Occasionally, I'm able to migrate the VM to a BIOS host. When it fails, the following is seen on the /sending/ host:
2021-09-21 20:09:42,915+0800 ERROR (migsrc/86df93bc) [virt.vm] (vmId='86df93bc-3304-4002-8939-cbefdea4cc60') internal error: qemu unexpectedly closed the monitor: 2021-09-21T12:08:57.355188Z qemu-kvm: warning: Spice: reds.c:2305:reds_handle_read_link_done: spice channels 1 should be encrypted
2021-09-21T12:08:57.393585Z qemu-kvm: warning: Spice: reds.c:2305:reds_handle_read_link_done: spice channels 3 should be encrypted
2021-09-21T12:08:57.393805Z qemu-kvm: warning: Spice: reds.c:2305:reds_handle_read_link_done: spice channels 4 should be encrypted
2021-09-21T12:08:57.393960Z qemu-kvm: warning: Spice: reds.c:2305:reds_handle_read_link_done: spice channels 2 should be encrypted
2021-09-21T12:09:40.799119Z qemu-kvm: warning: TSC frequency mismatch between VM (3099980 kHz) and host (3392282 kHz), and TSC scaling unavailable
2021-09-21T12:09:40.799228Z qemu-kvm: error: failed to set MSR 0x204 to 0x1000000000
qemu-kvm: ../target/i386/kvm/kvm.c:2778: kvm_buf_set_msrs: Assertion `ret == cpu->kvm_msr_buf->nmsrs' failed. (migration:331)
2021-09-21 20:09:42,938+0800 INFO (migsrc/86df93bc) [virt.vm] (vmId='86df93bc-3304-4002-8939-cbefdea4cc60') Switching from State.STARTED to State.FAILED (migration:234)
2021-09-21 20:09:42,938+0800 ERROR (migsrc/86df93bc) [virt.vm] (vmId='86df93bc-3304-4002-8939-cbefdea4cc60') Failed to migrate (migration:503)
Traceback (most recent call last):
File "/usr/lib/python3.6/site-packages/vdsm/virt/migration.py", line 477, in _regular_run
time.time(), machineParams
File "/usr/lib/python3.6/site-packages/vdsm/virt/migration.py", line 578, in _startUnderlyingMigration
self._perform_with_conv_schedule(duri, muri)
File "/usr/lib/python3.6/site-packages/vdsm/virt/migration.py", line 667, in _perform_with_conv_schedule
self._perform_migration(duri, muri)
File "/usr/lib/python3.6/site-packages/vdsm/virt/migration.py", line 596, in _perform_migration
self._migration_flags)
File "/usr/lib/python3.6/site-packages/vdsm/virt/virdomain.py", line 159, in call
return getattr(self._vm._dom, name)(*a, **kw)
File "/usr/lib/python3.6/site-packages/vdsm/virt/virdomain.py", line 101, in f
ret = attr(*args, **kwargs)
File "/usr/lib/python3.6/site-packages/vdsm/common/libvirtconnection.py", line 131, in wrapper
ret = f(*args, **kwargs)
File "/usr/lib/python3.6/site-packages/vdsm/common/function.py", line 94, in wrapper
return func(inst, *args, **kwargs)
File "/usr/lib64/python3.6/site-packages/libvirt.py", line 2126, in migrateToURI3
raise libvirtError('virDomainMigrateToURI3() failed')

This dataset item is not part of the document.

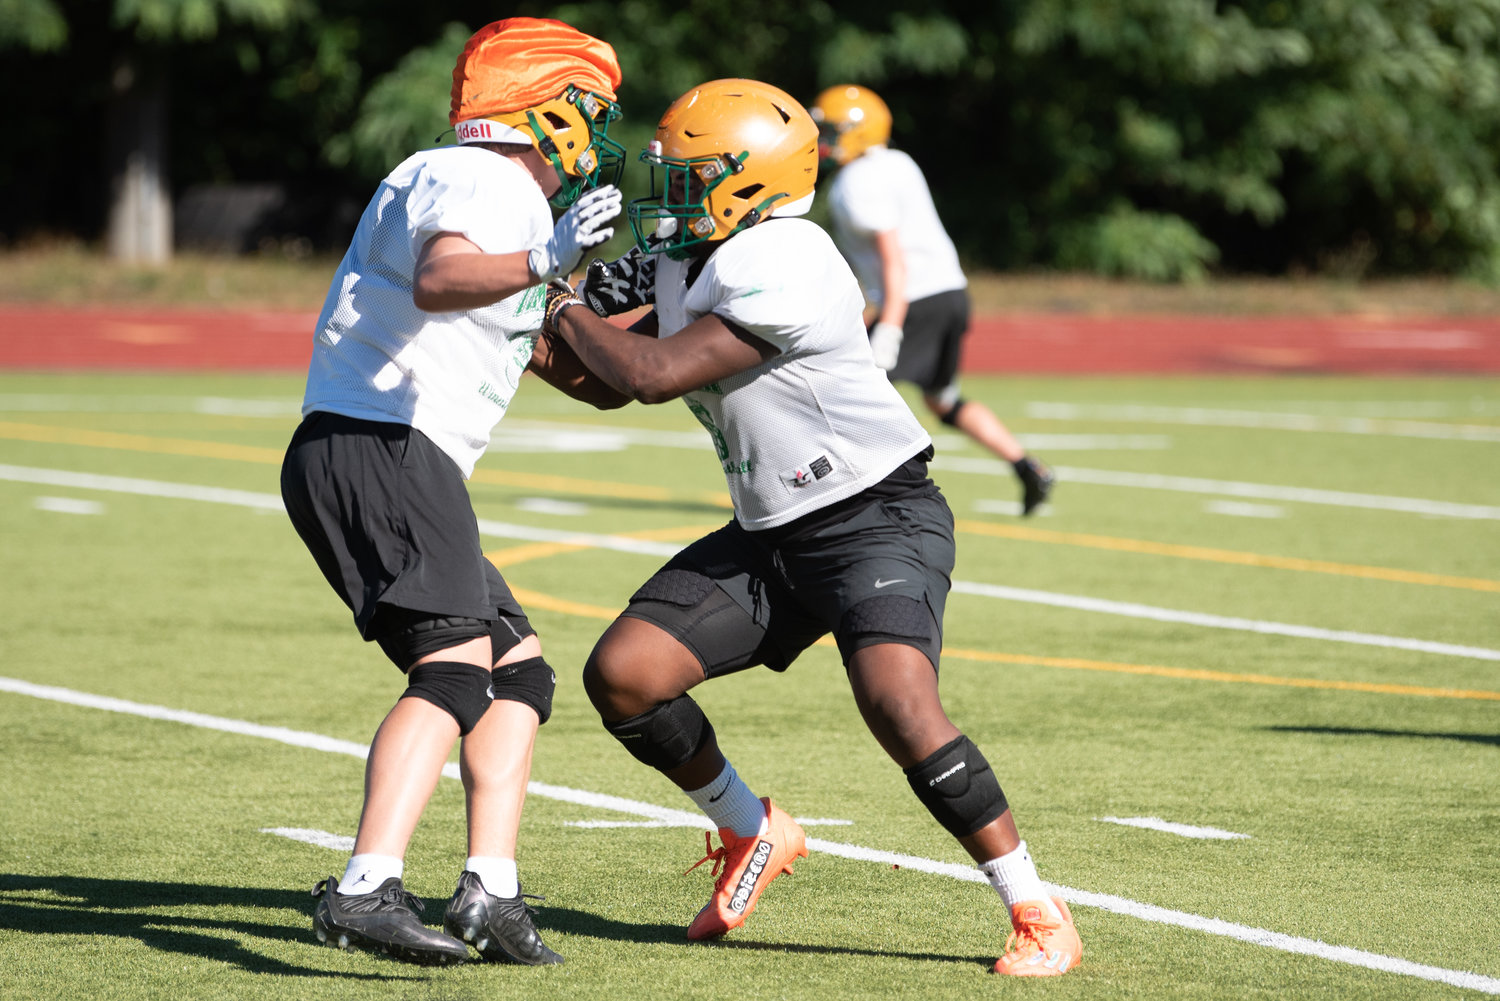 Tumwater's Carlos Matheney takes on a blocker during the T-Birds' practice on Aug. 22.

libvirt.libvirtError: internal error: qemu unexpectedly closed the monitor: 2021-09-21T12:08:57.355188Z qemu-kvm: warning: Spice: reds.c:2305:reds_handle_read_link_done: spice channels 1 should be encrypted
2021-09-21T12:08:57.393585Z qemu-kvm: warning: Spice: reds.c:2305:reds_handle_read_link_done: spice channels 3 should be encrypted
2021-09-21T12:08:57.393805Z qemu-kvm: warning: Spice: reds.c:2305:reds_handle_read_link_done: spice channels 4 should be encrypted
2021-09-21T12:08:57.393960Z qemu-kvm: warning: Spice: reds.c:2305:reds_handle_read_link_done: spice channels 2 should be encrypted
2021-09-21T12:09:40.799119Z qemu-kvm: warning: TSC frequency mismatch between VM (3099980 kHz) and host (3392282 kHz), and TSC scaling unavailable
2021-09-21T12:09:40.799228Z qemu-kvm: error: failed to set MSR 0x204 to 0x1000000000
qemu-kvm: ../target/i386/kvm/kvm.c:2778: kvm_buf_set_msrs: Assertion `ret == cpu->kvm_msr_buf->nmsrs' failed.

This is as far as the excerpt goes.